Post-Brexit, it’s likely that the UK will be surrendering this right. “If those rights are withdrawn, it significantly limits investment opportunities,” explains Tahar. “As Brexit’s negotiations grow ever more convoluted, finance professionals are feeling the pressure.”

International impacts

This is important for accountants “because clearly, many of the most successful professional services and accountancy firms are based in the UK, but do business globally,” says Ardi Kolah, Executive Fellow, GDPR Programme, Henley Business School.

“It’s important to ensure they can continue to provide those services seamlessly.” Currently, having a client in Spain or Germany “doesn’t pose any problems – but it might present them when they are registered in a different jurisdiction.”

“As is the case for most divorces,” Tahar says, “the untangling promises a further slew of accusations and recriminations and, as always, it’s the children that suffer – in this case, the UK’s finance companies.”

Practical advice if Britain leaves the EU

Although UK-based accountants should not be unduly worried in the short term, “the benefits of being in the EU were clear,” says Kolah. “The advantages of the one-stop-shop mechanism will no longer be available to us.
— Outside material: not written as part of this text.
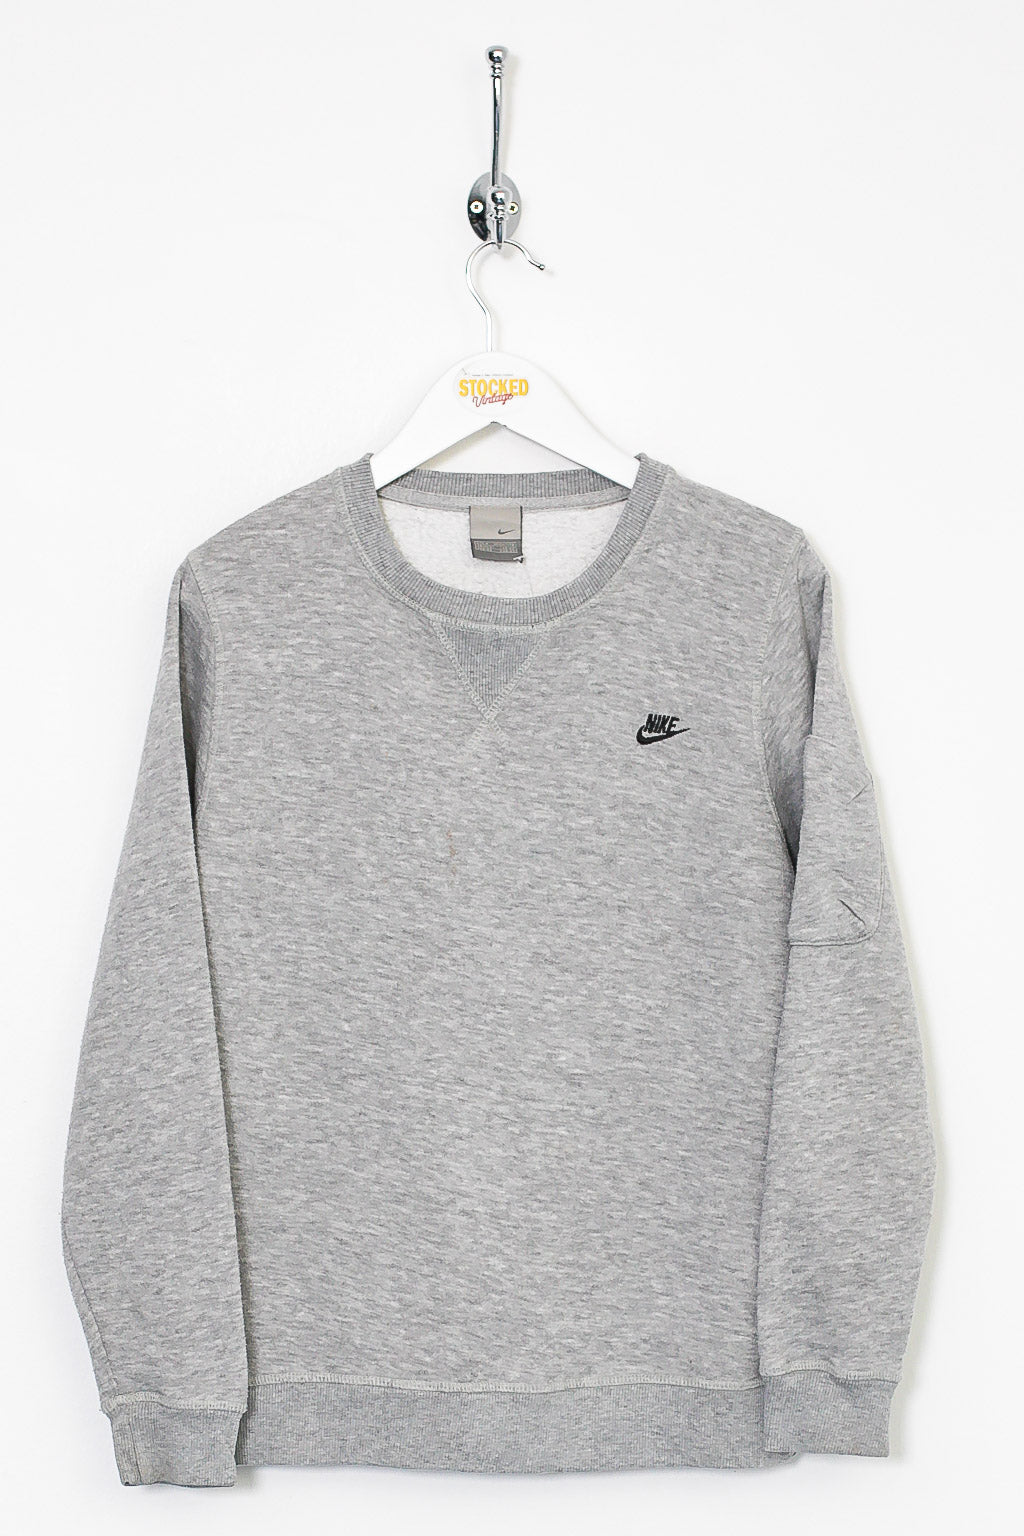 Womens Nike Sweatshirt (XS)
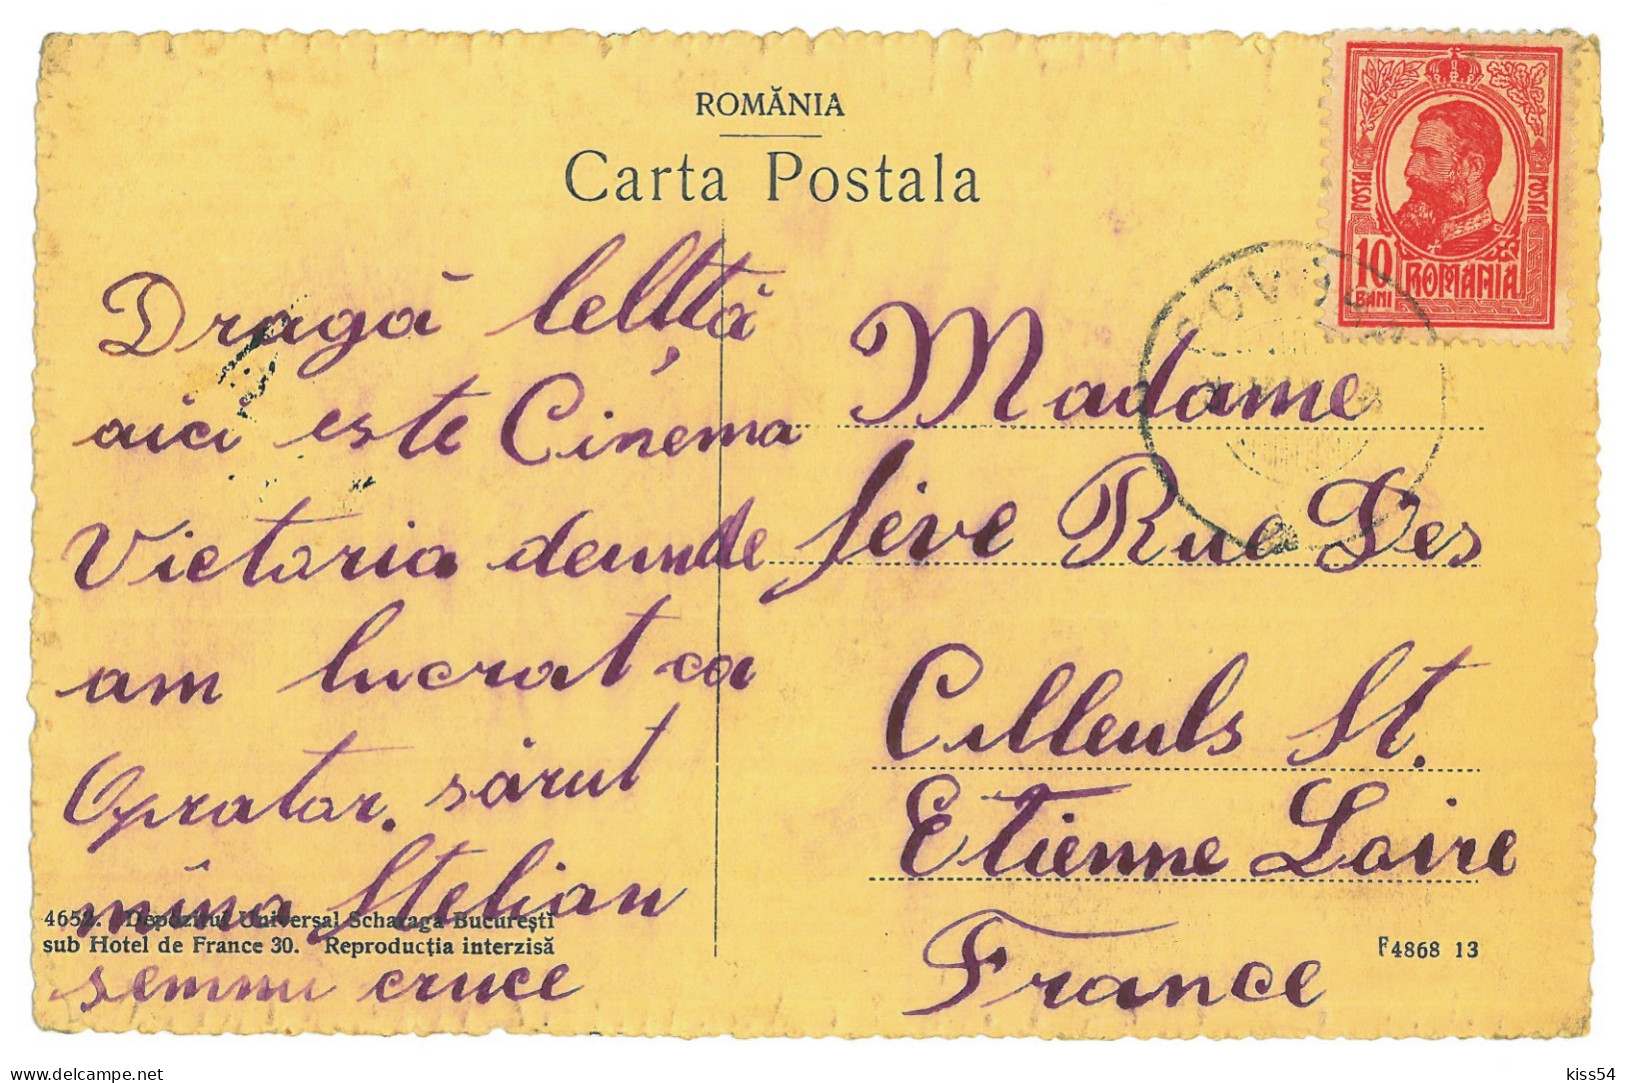 RO 83 - 24315 BUCURESTI, Caffe Royal, Romania - Old Postcard - Used - Rumänien

So there’s a bit of work to be done thinking about how that will be perceived from your client’s point of view.”

Practical advice? “See the EU as a marketplace now, not a home territory,” Kolah recommends. “Start making friends with other people who have partners in the EU.

It was easy when we inside the tent – we were partners. Now we won’t be, and there will inevitably be consequences to that because the EU cannot be seen to reward the UK for leaving.”

If you need to travel back and forth inside Europe, “it will be helpful to have an EU passport; there’s now talk of having to buy a visa. We just don’t know yet – but in the future, you won’t be able to jump on a plane and start working in an EU country, as you currently can do.”

A time to offer reassurance

In the event of no deal, the situation is likely to look even more dramatic. “There’s likely to be a severe period of upheaval for finance professionals,” Tahar says.

“A no-deal scenario is likely to include customs checks for businesses buying and selling within EU countries; audit and reporting implications; application of Government contingency advice; and disruption and increased prices on flights.”

However, this does put finance professionals in what Tahar calls “a singularly strong position, as “uncertainty in revenue and cash-flow matters will send clients new and old flooding to them for advice!”

Ardi Kolah paints a more sobering picture. “You can’t be a member of a club and then still get the benefits after leaving. It’s always cheaper to be a member than pay as you go.”

UK businesses are “currently in a holding pattern until the details of Britain’s withdrawal are finalised,” Abz Tahar concludes. “But, now is the time for finance professionals to reassure clients that they will be on hand to help – whichever way it goes.”

Mark Blayney Stuart is Business Journalist of the Year, Wales Media Awards 2017 and Former Head of Research at the Chartered Institute of Marketing.